The default urban parameters used in the UCM.

Table 2.

3. Effect of urbanization on the rainfall pattern

The simulations of the extreme event that occurred on 25 November 2009 are first analyzed in detail to evaluate the land coverage effects on precipitation. The other nine cases of the similar synoptic condition that produce heavy rainfall in Jeddah are then added to have a statistical assessment of the rainfall modification from urbanization. As mentioned above, the land surface cover in the URBAN simulation includes the city signatures of major areas (Jeddah, Mecca, and Taif) in the convection-permitting domain through the use of the urban canopy scheme (Fig. 2). Information with regard to how precipitation changes and how this can be explained from the standpoint of changes in meteorological conditions at the surface and in the local atmosphere is provided in sections 3a3c.

a. Urbanization impacts on model-simulated precipitation

Observed and modeled precipitation for the time period from 0000 UTC 25 November to 0000 UTC 26 November 2009, along with the difference in simulated precipitation over the Jeddah area, are shown in Fig. 3. The area of interest (Jeddah city) is circled. Interestingly, the southwest–northeast direction and position of the maxima over Jeddah (Fig. 3c) are well captured by the model in the URBAN experiment, which represents the real-world scenario (Fig. 3a). The model reasonably represents an MCS within its domains. The WRF Model simulations tend to overestimate precipitation in the upper and lower third of the domain in comparison to the radar observations. However, the model result is in very good agreement with the actual observations (on the order of 100 mm day−1) in the center of the domain over Jeddah (Fig. 3). This rainfall pattern indicates a robust performance from the model.

Fig. 3.
Fig. 3.

Simulated 24-h accumulated rainfall (mm day−1) on 25 Nov 2009 from the two experiments (a) URBAN and (b) DESERT, (c) observation from radar, and (d) rainfall differences (URBAN − DESERT). The Jeddah city area is circled.

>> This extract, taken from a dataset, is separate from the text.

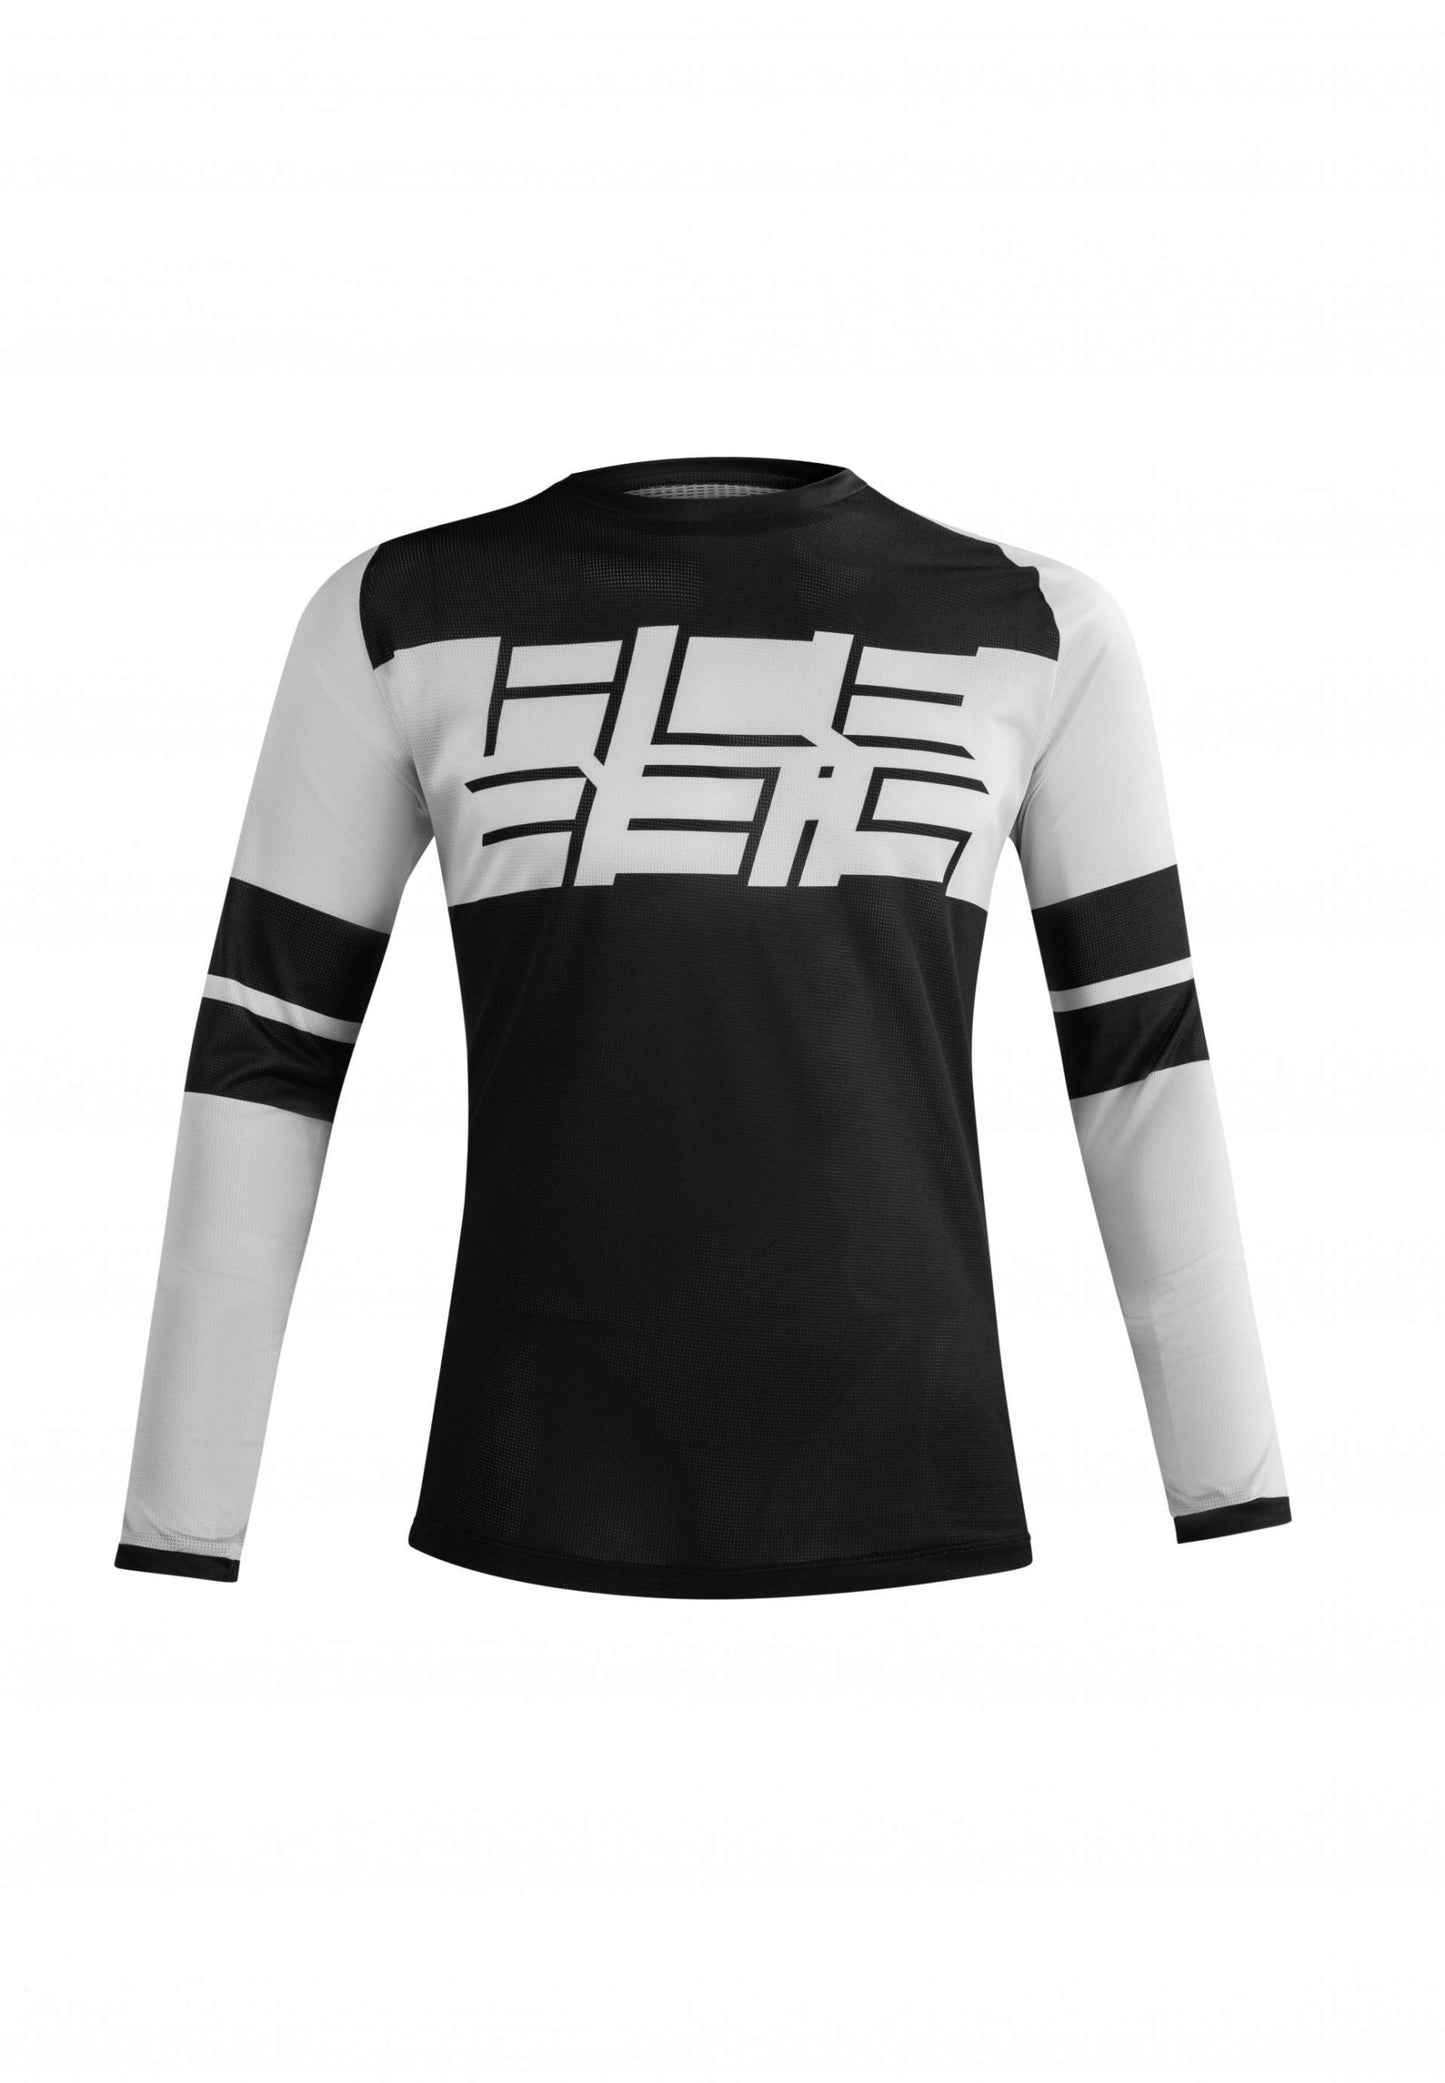 Acerbis Mtb Speeder jersey

Citation: Journal of Applied Meteorology and Climatology 59, 5; 10.1175/JAMC-D-19-0257.1

With that in mind, we focused our attention to the effect of urbanization on precipitation, which is the primary objective of this study. Figure 3d shows that precipitation consistently falls over the city in the URBAN simulation compared to the DESERT simulation. The area of the Jeddah City in the DESERT experiment exhibited a wider range of rainfall amount, from about 50 to over 140 mm day−1 (Fig. 3b). In contrast, in the URBAN experiment, the lowest range was 70 mm day−1 (Fig. 3a). The URBAN simulation also revealed a larger area of maxima (over 140 mm day−1) in the south of the city. Using urban land cover and the UCM in the URBAN simulation increased the average daily precipitation over Jeddah by over 30% (93.45 mm day−1 as compared with 71.83 mm day−1 in the DESERT simulation). Notably, the differences in rainfall patterns from the two experiments were widespread along the coast. Immediately to the north and south of Jeddah city, outside the urban core, decreases in the precipitation area are observed in the URBAN simulation. In contrast, a significant increase of URBAN rainfall was recorded around Jeddah, where the land tiles were changed and where the peak rainfall occurred. Consequently, we were interested in investigating two questions: what is the physical explanation of the differences in the rainfall pattern over Jeddah? And why the urban effect is significantly noticeable?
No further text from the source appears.